When Caron and I had decided that Brookhills needed its own coffee house, she had introduced me to Patricia over lattes in hopes she would be the third partner we needed to make the project viable. Patricia had agreed—also over lattes—and now here we were again. Over lattes. But this time it was an ending, not a beginning.

I imagined Patricia coming into the store this morning and making her “lah-tay,” probably planning to drink it as she waited for us to arrive. The store would have been quiet and dimly lit by the backlights as she brewed the shots and poured them into the mug for what she called her “plain brown latte”: just skim milk and espresso—no sugar, no cinnamon, no nutmeg, no flavoring, no nothing. Not even foam on top.

Pouring the milk into the pitcher, she would have begun to steam it and then...then what? Had she had a heart attack? A stroke? Patricia seemed way too young for either, but maybe I felt that way because she and I were the same age.

Forty-two was young, right? Not that I wasn’t getting older by the minute. Unlike poor Patricia. When people die, we always look for reasons it happened to them and won’t happen to us. He smoked and got lung cancer. She drank and drove. But Patricia? What did she do to deserve this, besides being a royal pain in the butt sometimes?

And God knows if that were justification enough, all three of us would be lying there on the floor.

I looked back down at my former partner. Then I looked again. On the palm of her left hand was a bull’s-eye, but reversed. White in the center with the outer ring a fiery red. I moved in closer for a better look.

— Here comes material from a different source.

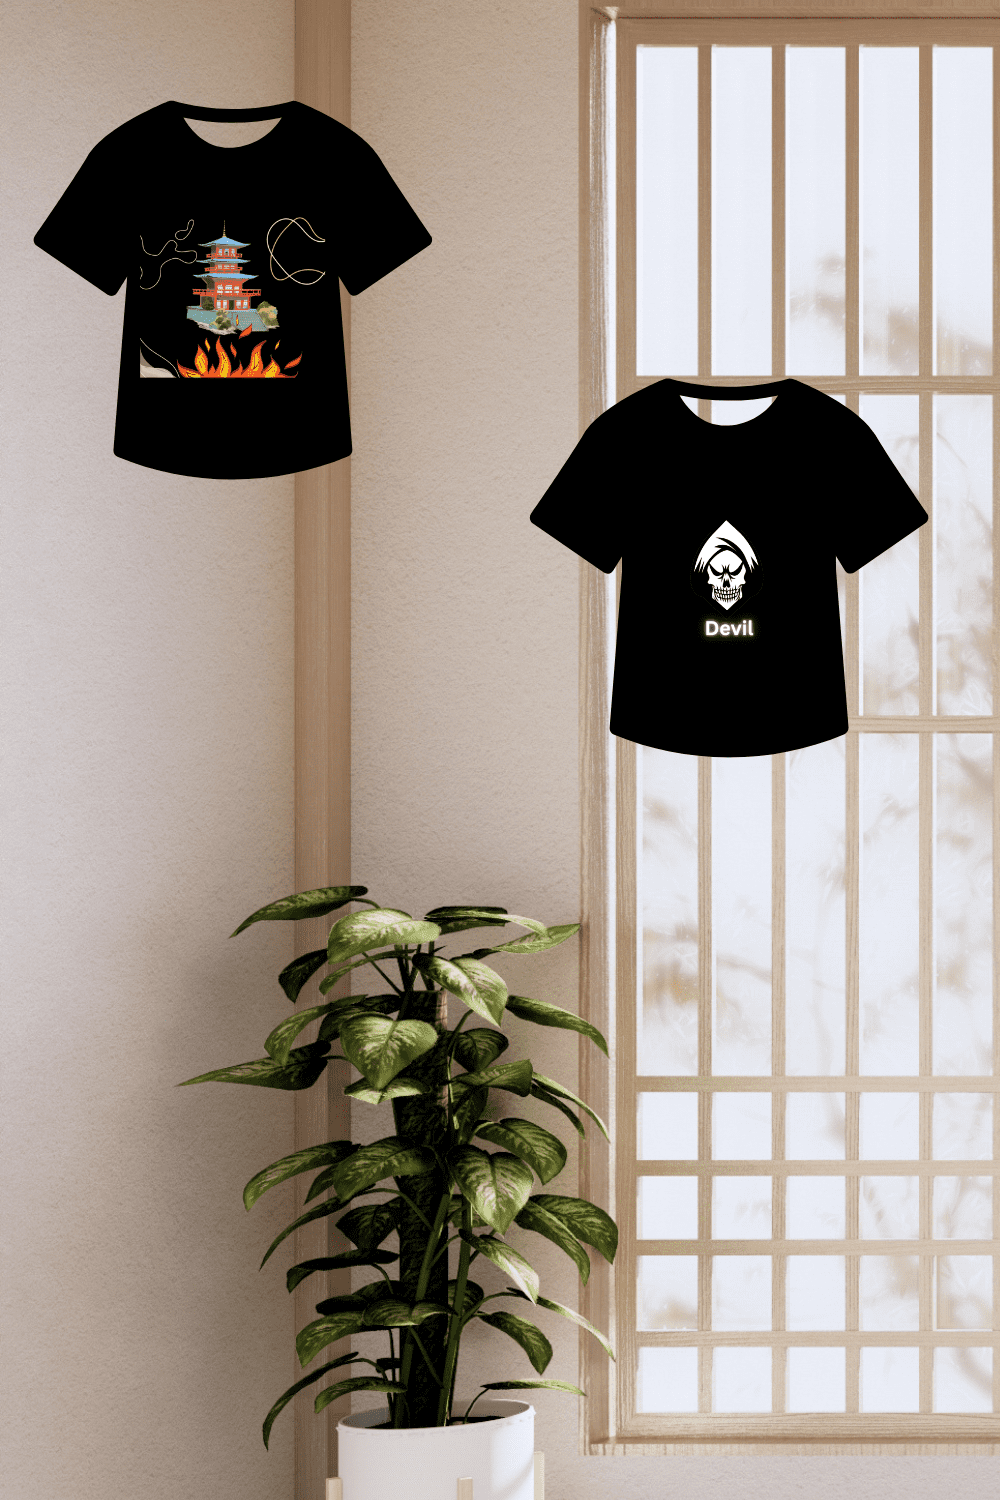 t shirts new designs | T shirt design bad boys pinterest preview image.

“What’s that on her hand?” I asked quietly in Gary’s ear.

He jumped—he’s not used to me breathing in his ear, it’s not that kind of relationship—and stood up. Then he steered me toward the sink and away from Caron and David. “I think it’s a burn.” He kept his voice low, too.

A burn? From the milk? It was one heck of a burn to get from steamed milk, which is heated to only about 160 degrees for lattes. I told Gary so.